Russian Olives are invasive in parts of the Southwest, so they are no longer sold in our area, but I have seen bees on the older trees that remain.


----------



## seamuswildhoney (Jul 24, 2008)

I just planted 4 russian this year in south carolina they are coming along nicely


----------



## garprob (Jan 20, 2009)

They have been declared noxious weeds in Wyoming. Good luck getting rid of them though- they pop up everywhere along the rivers, canals, and ditch banks.


----------



## Moccasin (May 18, 2010)

The Russian Olive blooms longer than our basswood trees, and every bloom seems to be covered with honeybees. The basswood seems to be favored more by the native bees. I think Russian Olive is one of the best nectar plants. It bears a wonderful small fruit. It's not a weed to me.


----------



## luigee (Nov 3, 2009)

Moccasin,

The bees love the Russian Olive. As far as I know the fruit is not eadible by humans, or is it? I've always wondered if "Olive Oil" could be extracted from these olives so that at least they are good for something.

You may want to check with your state and see if they consider the Russian Olive invasive in your state just to be safe..


----------



## justin (Jun 16, 2007)

we have them along the river banks and canals here. i don't think they would make good olives but the town squirrels enjoy them.


----------



## bhfury (Nov 25, 2008)

Lots of Russian Olives around Farmington NM. My bees seemed to really like'em!!!


----------



## luigee (Nov 3, 2009)

bhfury said:


> Lots of Russian Olives around Farmington NM. My bees seemed to really like'em!!!


Yes. If I remember correctly, your neighboring town of Aztec, NM has literally been taken over with these trees . They are everywhere and pushing out the local native trees and plants, which the bees and local pollinators also like.

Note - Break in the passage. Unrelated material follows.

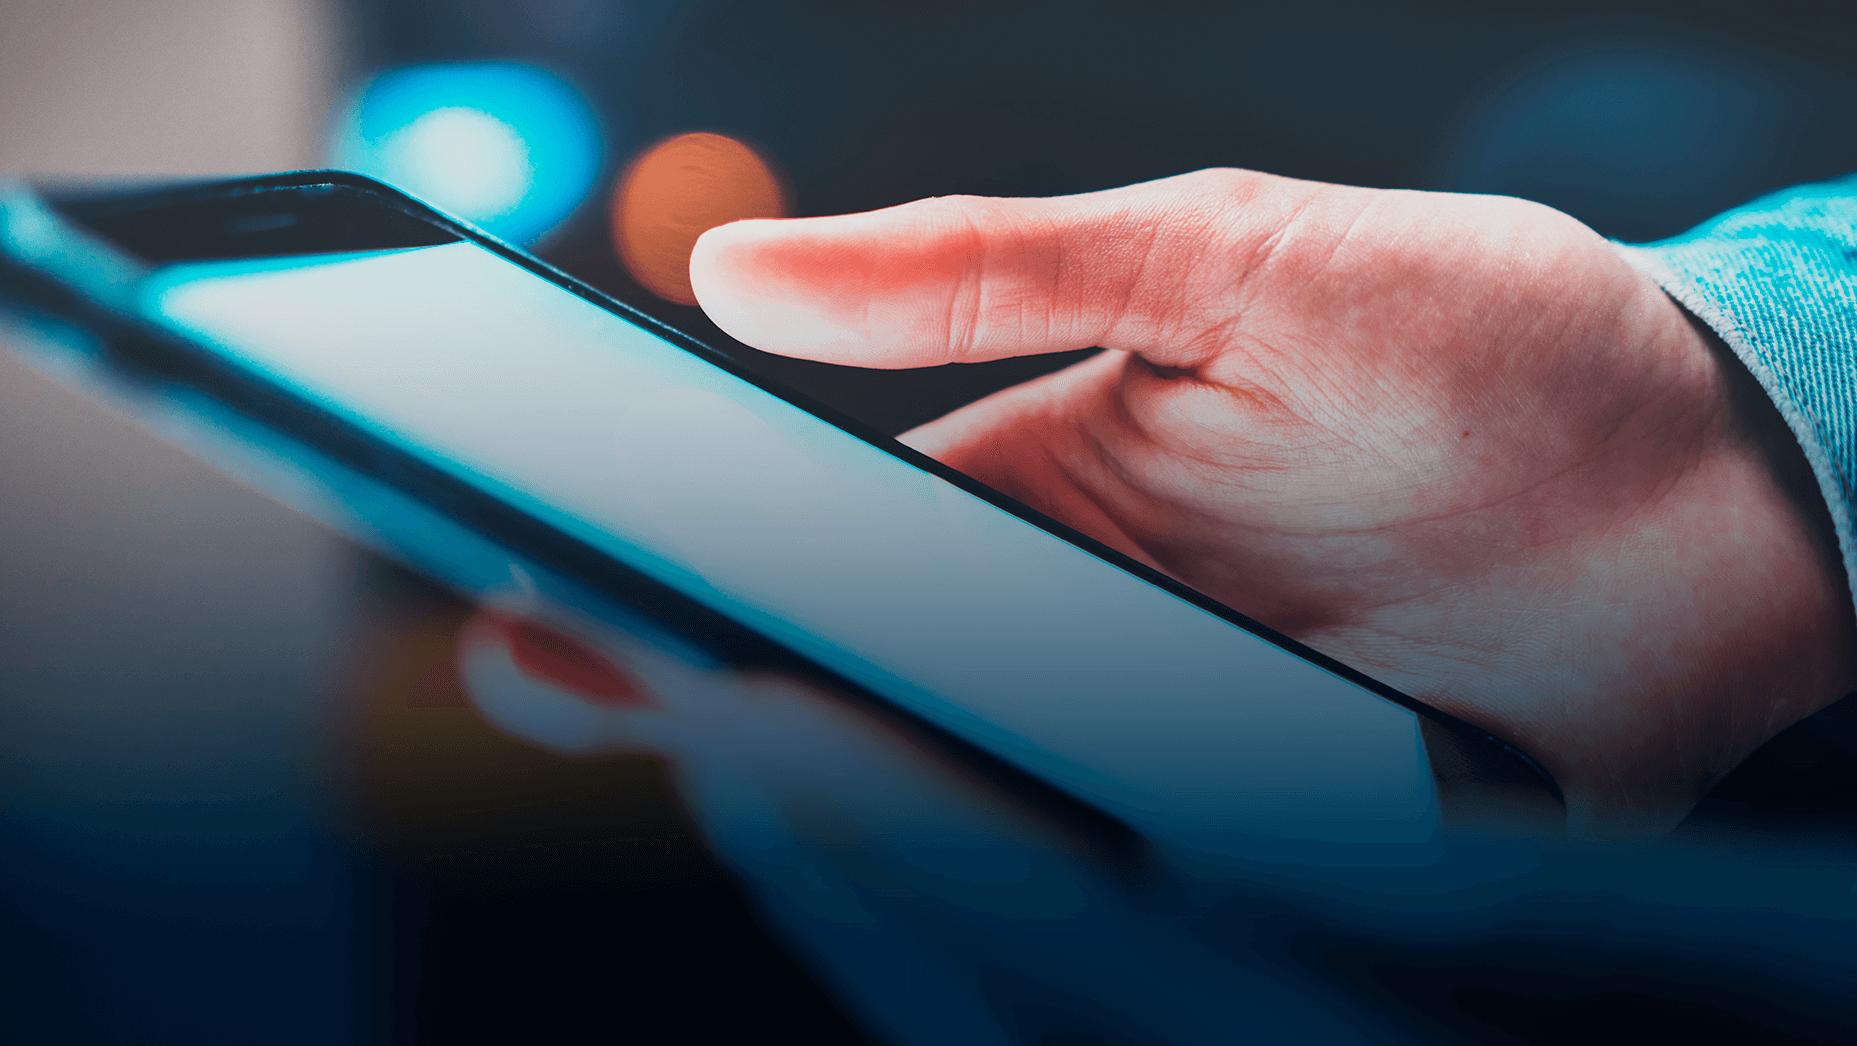 Opinião | O futuro da educação e os aplicativos móveis

I think as beekeepers we need to do some research and think about what we introduce into the environment. There are plenty of trees and plants that bees like that are not invasive..but that's just me. I know not everyone thinks that way.


----------



## Bee Kid (Jan 3, 2010)

I'm not sure how the Russian Olive population is everywhere else but here in Montana we love them. We wish we could buy some of them to plant but they're considered an invasive species so we can't buy them. Around here everything eats Russian Olives. I've seen deer stand way up on their back legs to get to the leaves. The birds love eating the little olives and the cows and horses eat them too. We have our shelter-belt lined with them as a wind break plus I walked past a Russian Olive tree that was in bloom and being a newbie thought there was a swarm of bees in it because of all the bees that were in just that one tree!  

~Bee Kid~


----------